The career fair at Lavender Law is part of a larger three-day conference consisting of numerous workshops, panel discussions, and social events.  “Lavender Law has a winning formula.  They do a marvelous job,” says Arabatzis.

Leipold agrees.  “Lavender Law has had good leadership and good stewardship.” Because Lavender Law is a national forum dedicated to the LGBT legal community, the conference is an important resource for LGBT students and attorneys, he says. 

One of the resources offered to students attending Lavender Law is the career fair preparation session held that morning, says Kemnitz.  The preparation session, run by NALP professionals, emphasizes the importance of details and making a good impression, she says.  Lavender Law “grows to respond to the demand,” says Kemnitz, “And because of NALP’s involvement, Lavender Law has taken on a life of its own.”

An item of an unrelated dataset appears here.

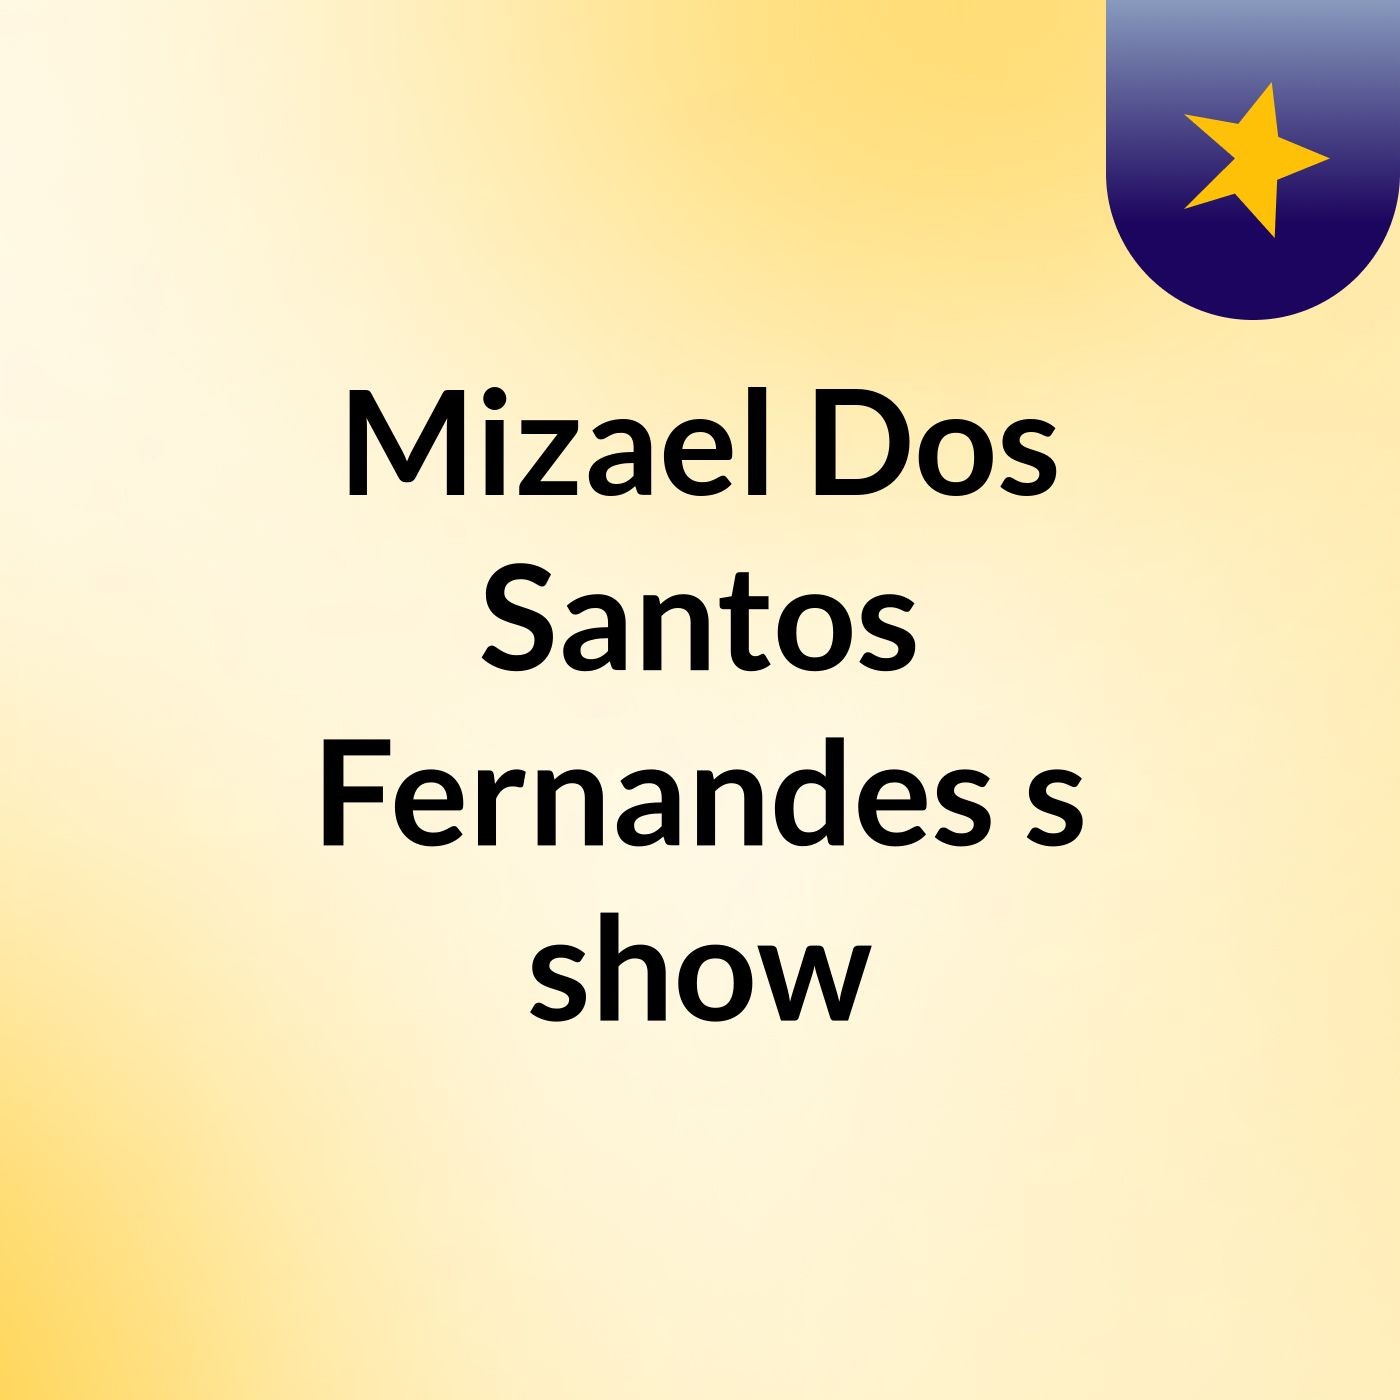 Mizael Dos Santos Fernandes's show

Arabatzis agrees that the preparation sessions have been important in preparing students for the career fair.  “Students come in business attire and take the conference seriously,” she says, while in the early days of Lavender Law, many students approached it more casually.  Today, says Arabatzis, students attending Lavender Law are confident and savvy, informed about making decisions for themselves and their careers. 
However, the career fair is about more than just the search for the right candidate or the right job, says Kemnitz.  “Lavender Law is an opportunity for people to have fun.  Students are excited to have a chance to show themselves at their best, and their excitement is infectious.  It gets the recruiters excited.” 


While there are still challenges in the area of making both law schools and law firms more LGBT friendly,  LGBT students today expect that their status will be viewed as a “plus” for diversity purposes, says Kemnitz.   “There is an expectation among the younger generation that their identity should not hold them back.”

“We’ve made tremendous strides and great progress,” agrees Leipold.  With polls suggesting that young people today view sexual identity as a non-issue, he expects that as today’s LGBT law students and young attorneys become partners and leaders, there will be even more progress toward LGBT equality in the workplace.  The next frontier, Leipold believes, is equality and acceptance of transgendered people in the workplace. “This is an awareness and sensitivity issue,” he says, “and, in that respect, Lavender Law is a great resource for employers because it has a critical mass of transitioning and transitioned transgendered people.”